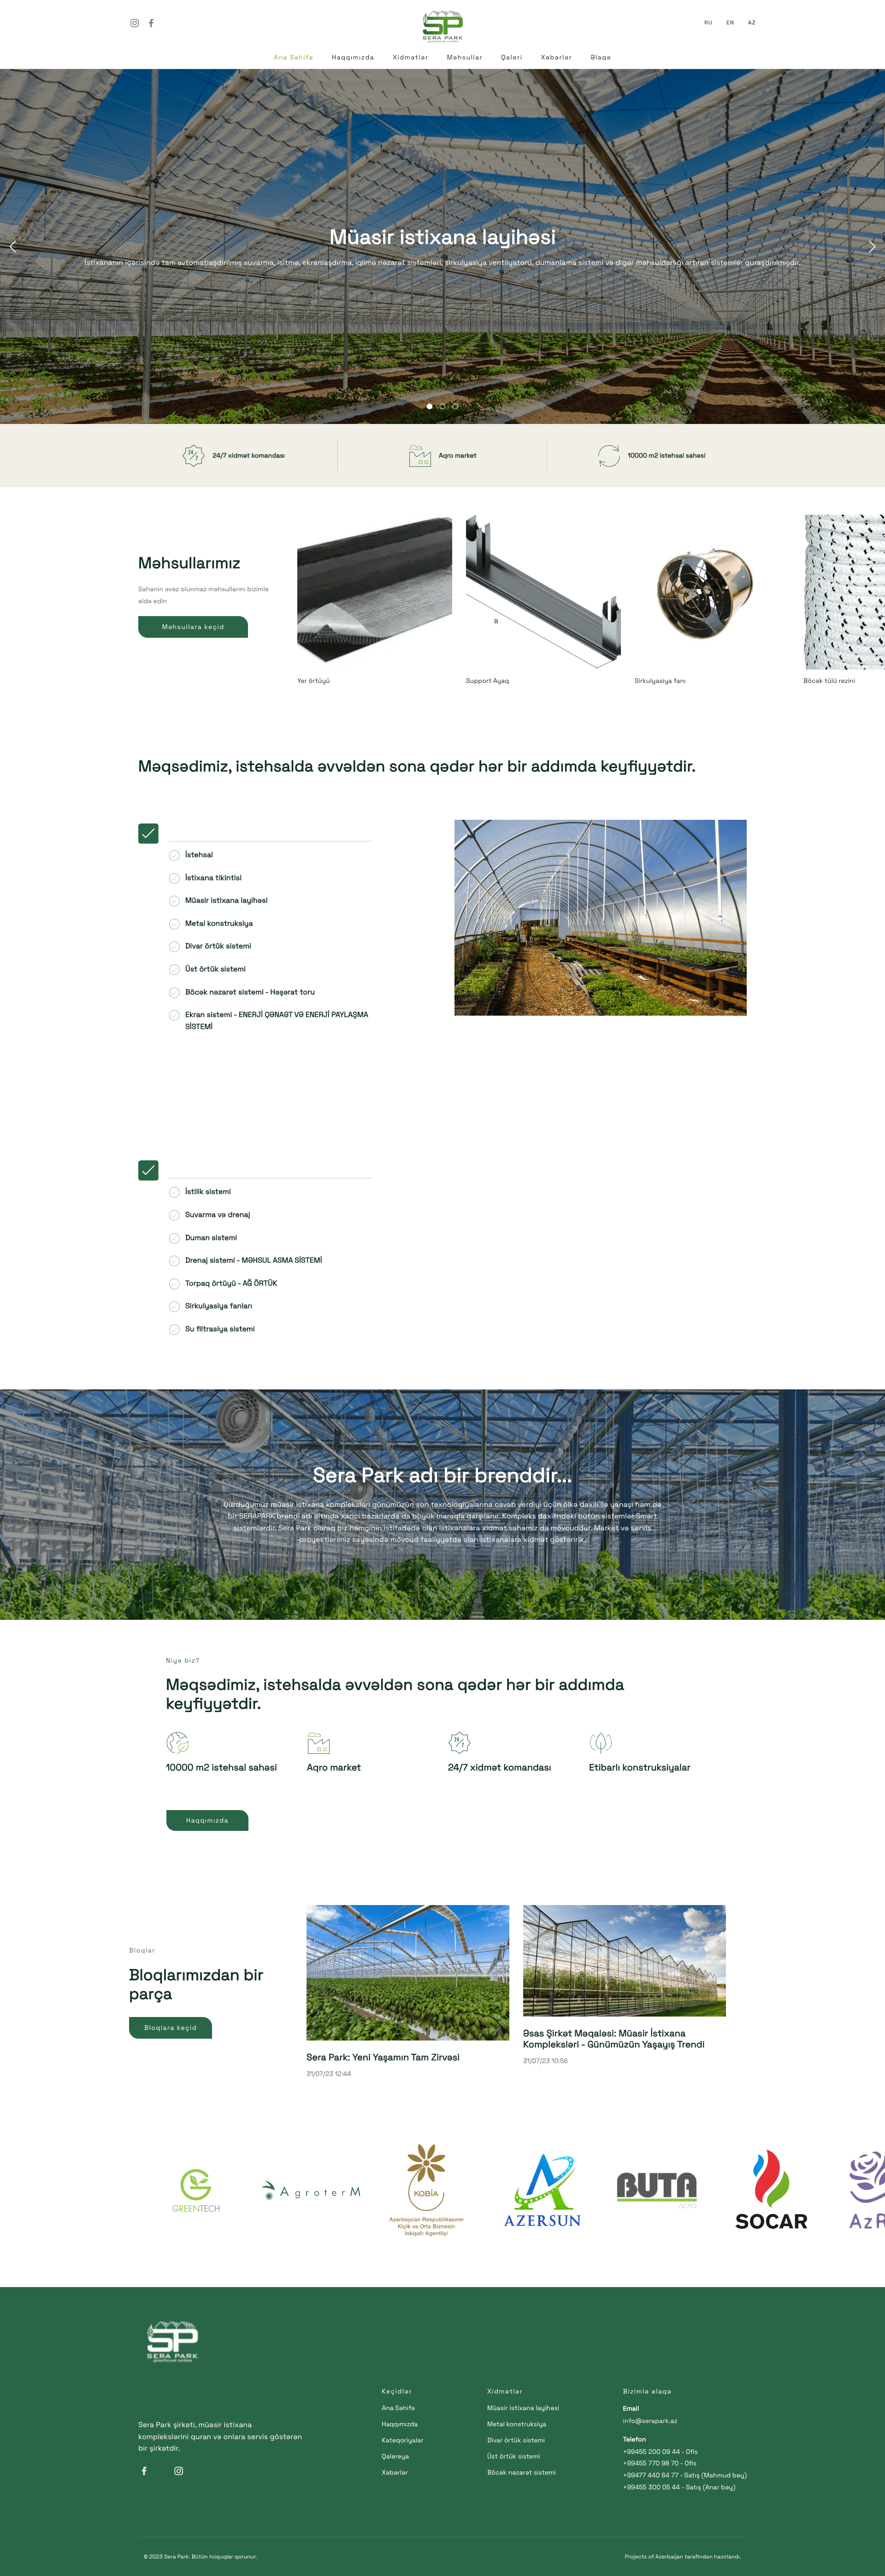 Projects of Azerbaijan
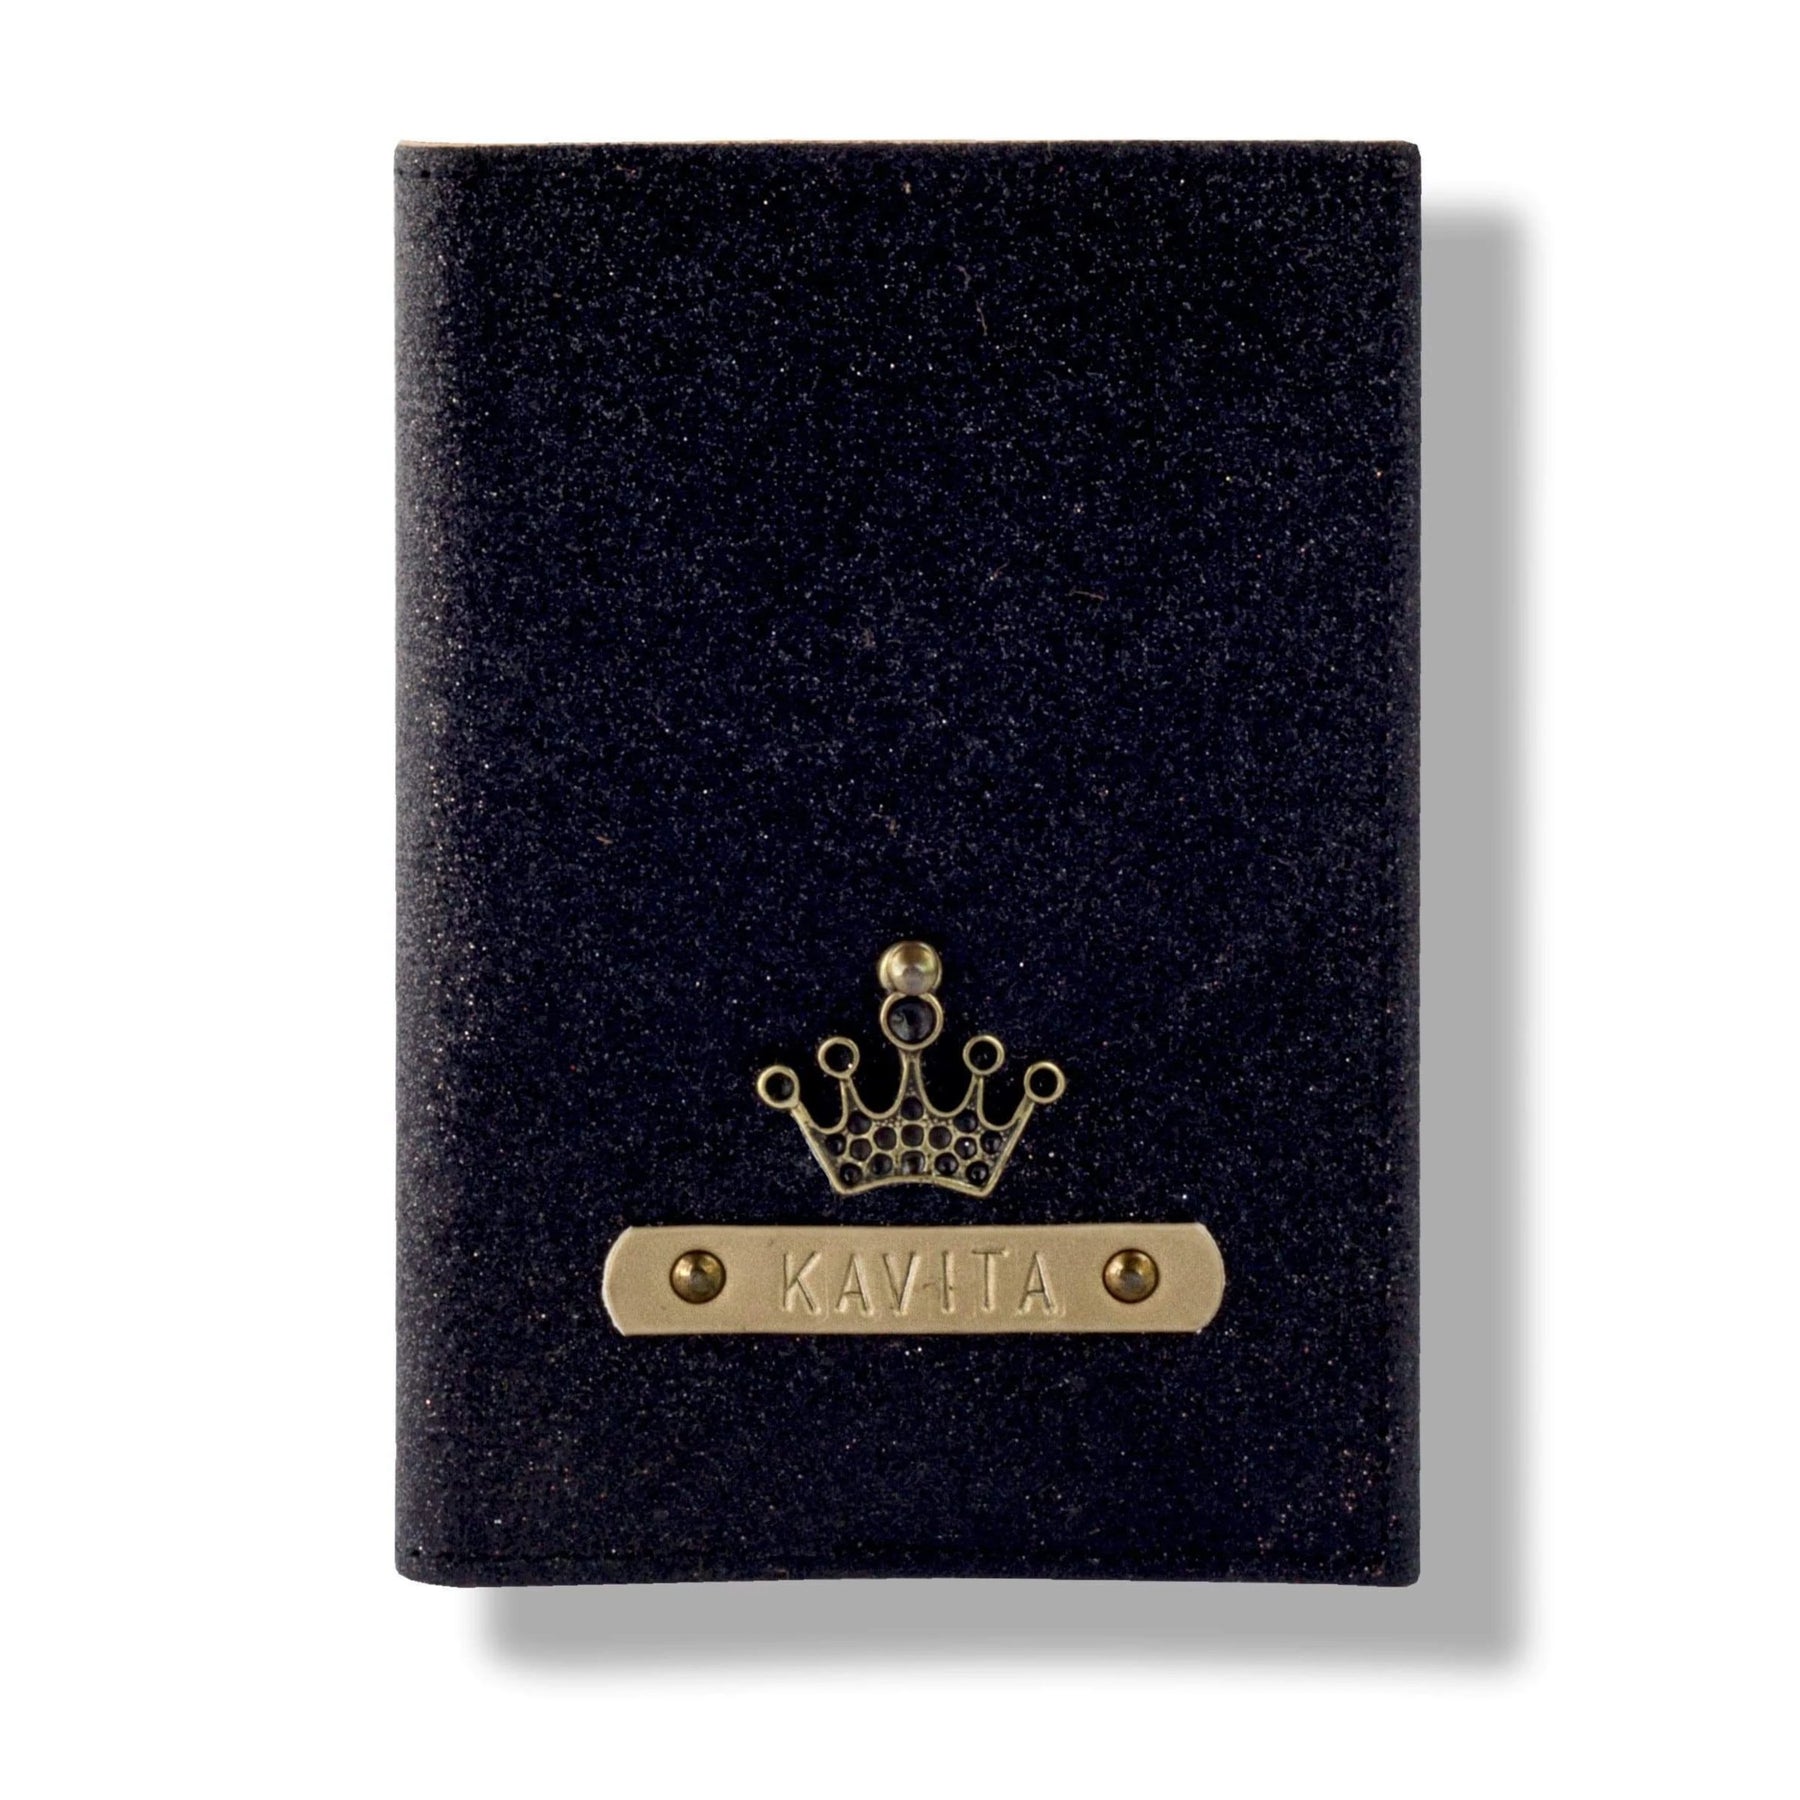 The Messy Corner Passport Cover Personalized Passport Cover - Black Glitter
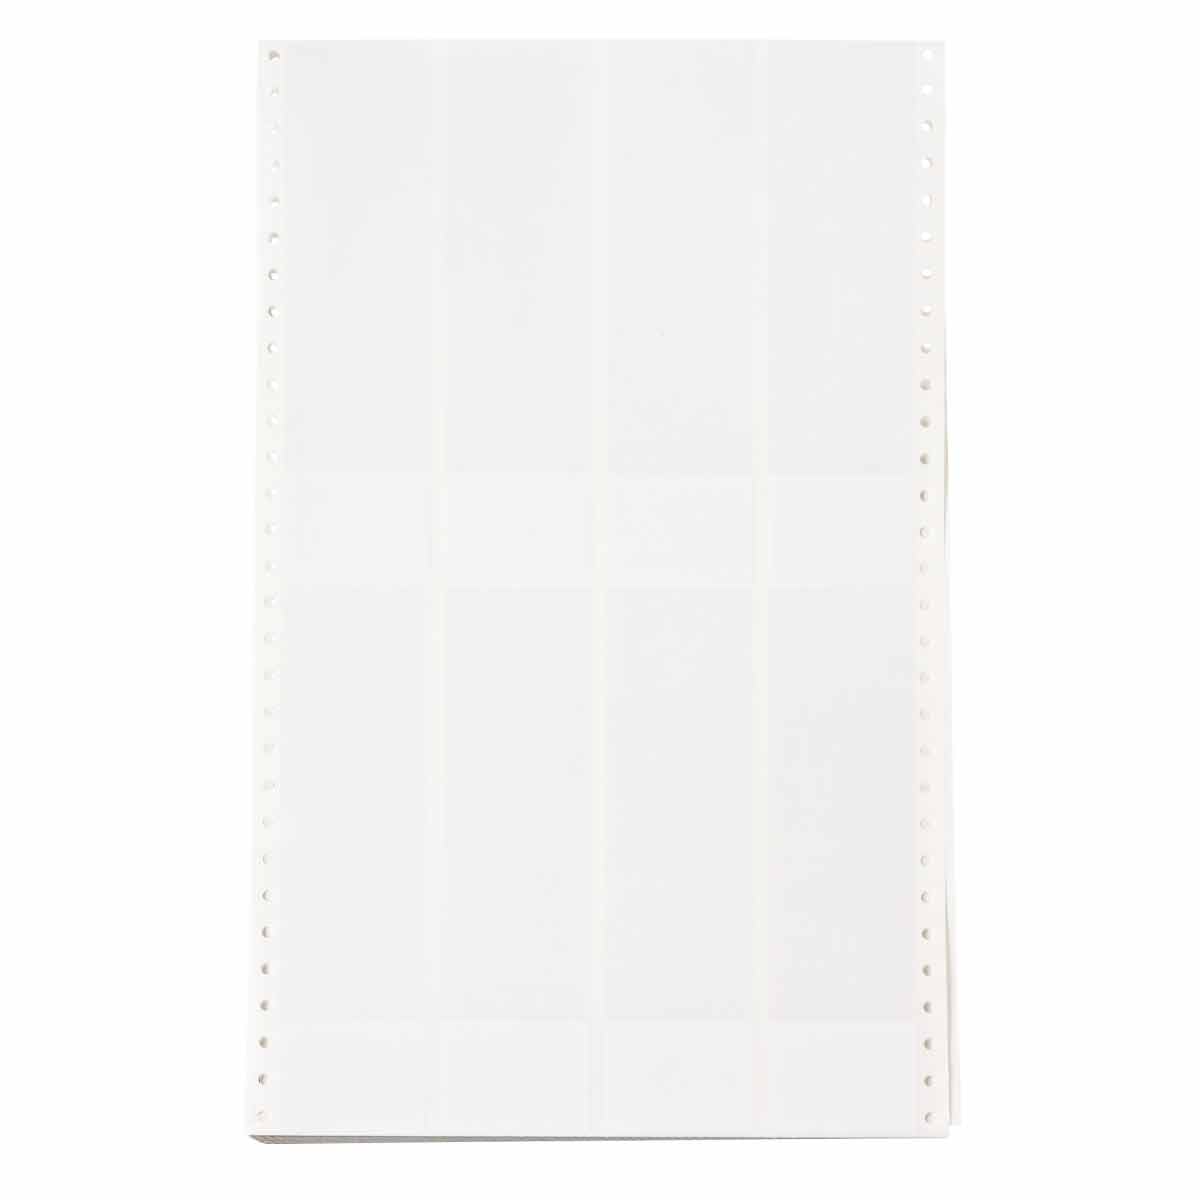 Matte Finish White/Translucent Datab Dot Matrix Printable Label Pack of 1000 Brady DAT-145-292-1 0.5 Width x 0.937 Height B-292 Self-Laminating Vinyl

WORK INSTRUCTIONS: Return the data above in its exact wording, with none of the pictures.

RESULT OF THIS TASK:
 Projects of Azerbaijan
 The Messy Corner Passport Cover Personalized Passport Cover - Black Glitter
 Matte Finish White/Translucent Datab Dot Matrix Printable Label Pack of 1000 Brady DAT-145-292-1 0.5 Width x 0.937 Height B-292 Self-Laminating Vinyl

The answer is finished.